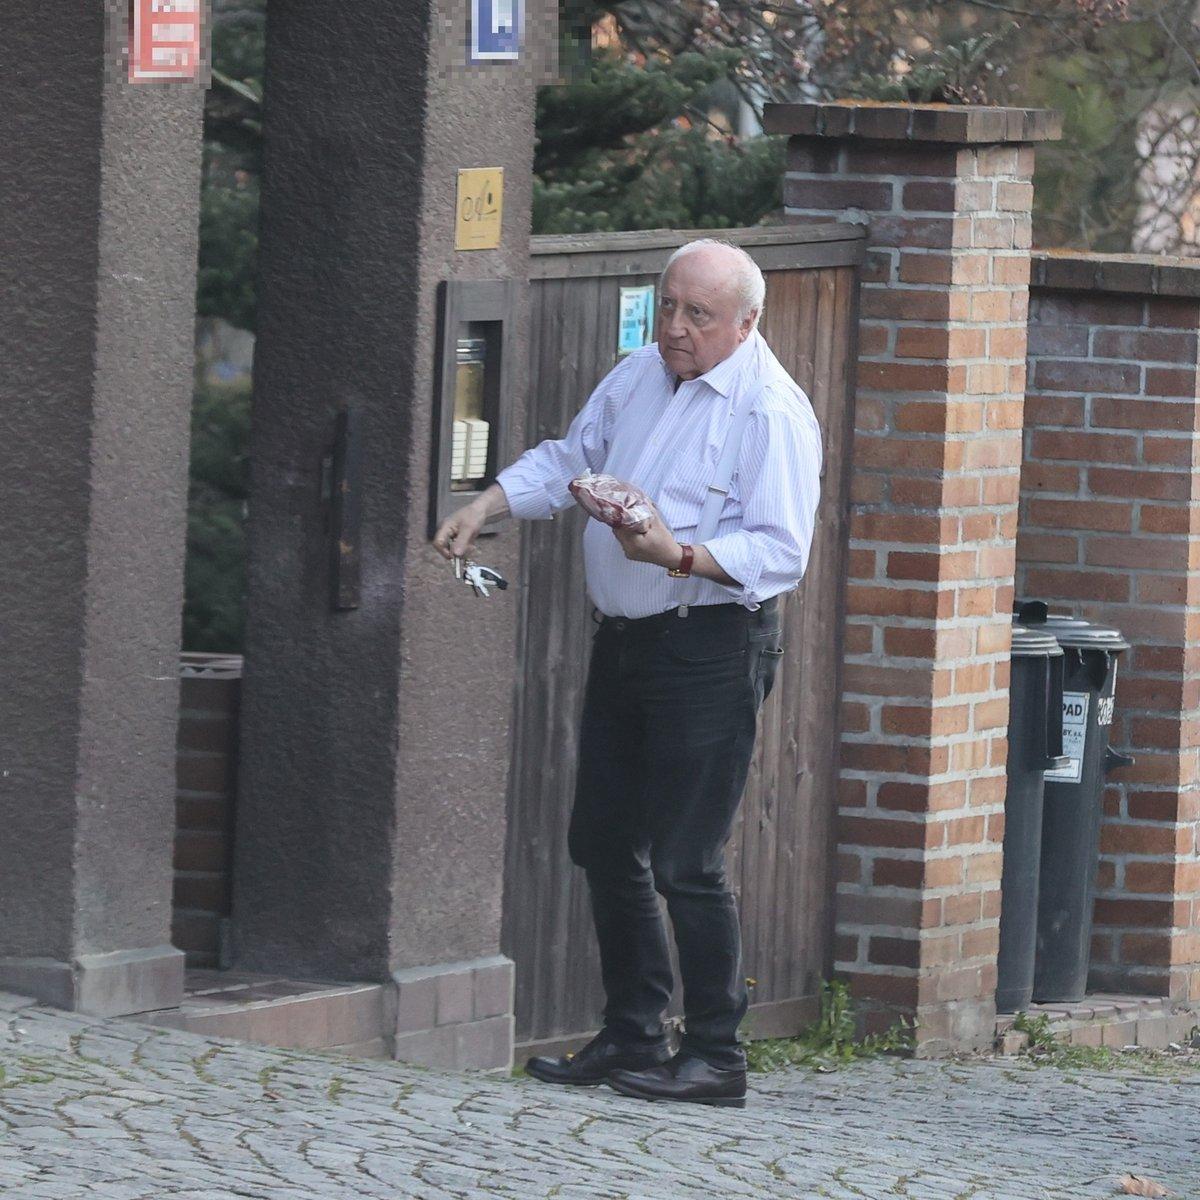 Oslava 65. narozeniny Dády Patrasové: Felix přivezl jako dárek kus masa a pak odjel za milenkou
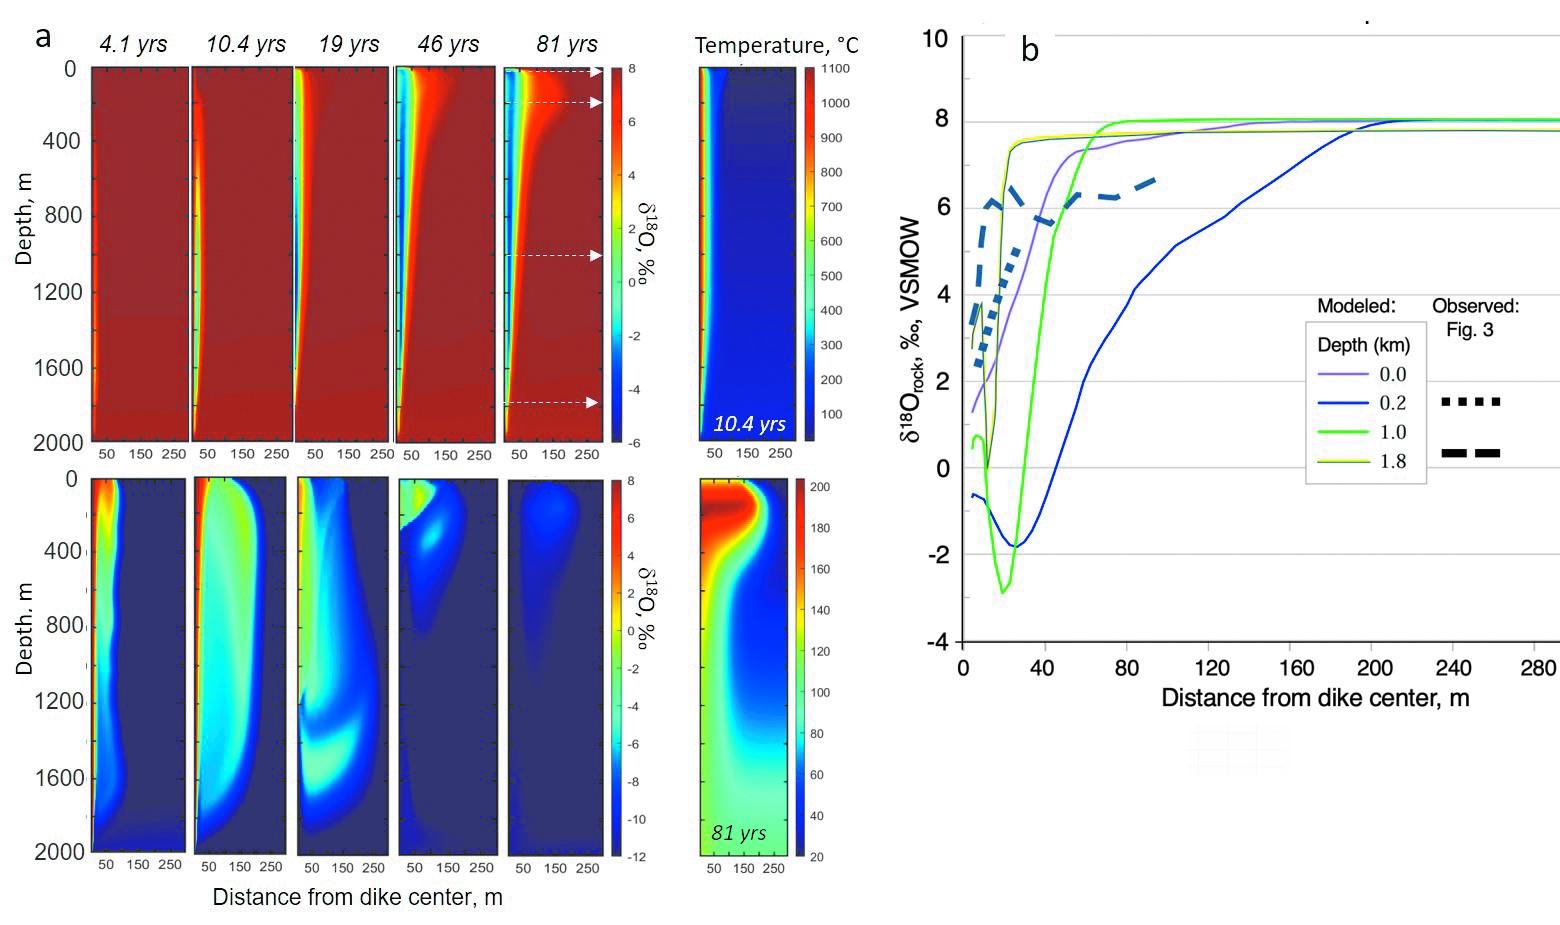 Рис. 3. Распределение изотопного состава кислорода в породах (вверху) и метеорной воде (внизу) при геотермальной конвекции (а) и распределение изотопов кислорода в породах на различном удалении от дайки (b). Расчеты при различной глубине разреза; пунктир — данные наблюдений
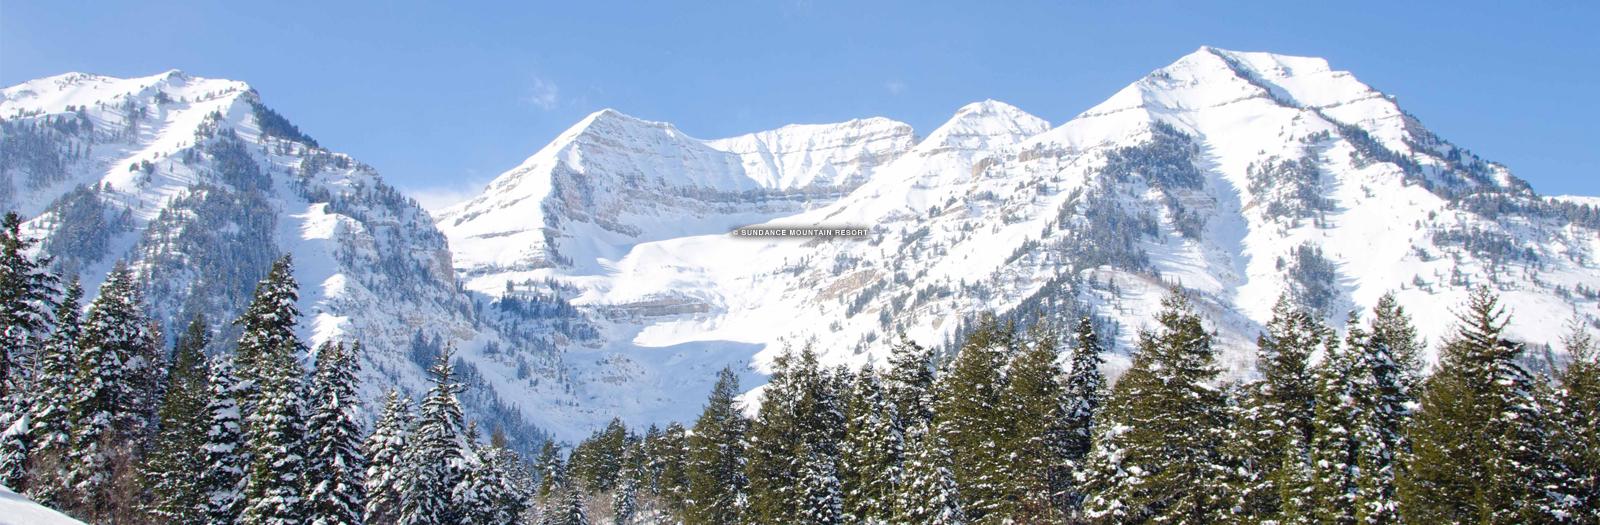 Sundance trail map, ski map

*Problem statement*:
Keep the pictures out and transcribe the listing exactly.

*Written solution*:
 Oslava 65. narozeniny Dády Patrasové: Felix přivezl jako dárek kus masa a pak odjel za milenkou
 Рис. 3. Распределение изотопного состава кислорода в породах (вверху) и метеорной воде (внизу) при геотермальной конвекции (а) и распределение изотопов кислорода в породах на различном удалении от дайки (b). Расчеты при различной глубине разреза; пунктир — данные наблюдений
 Sundance trail map, ski map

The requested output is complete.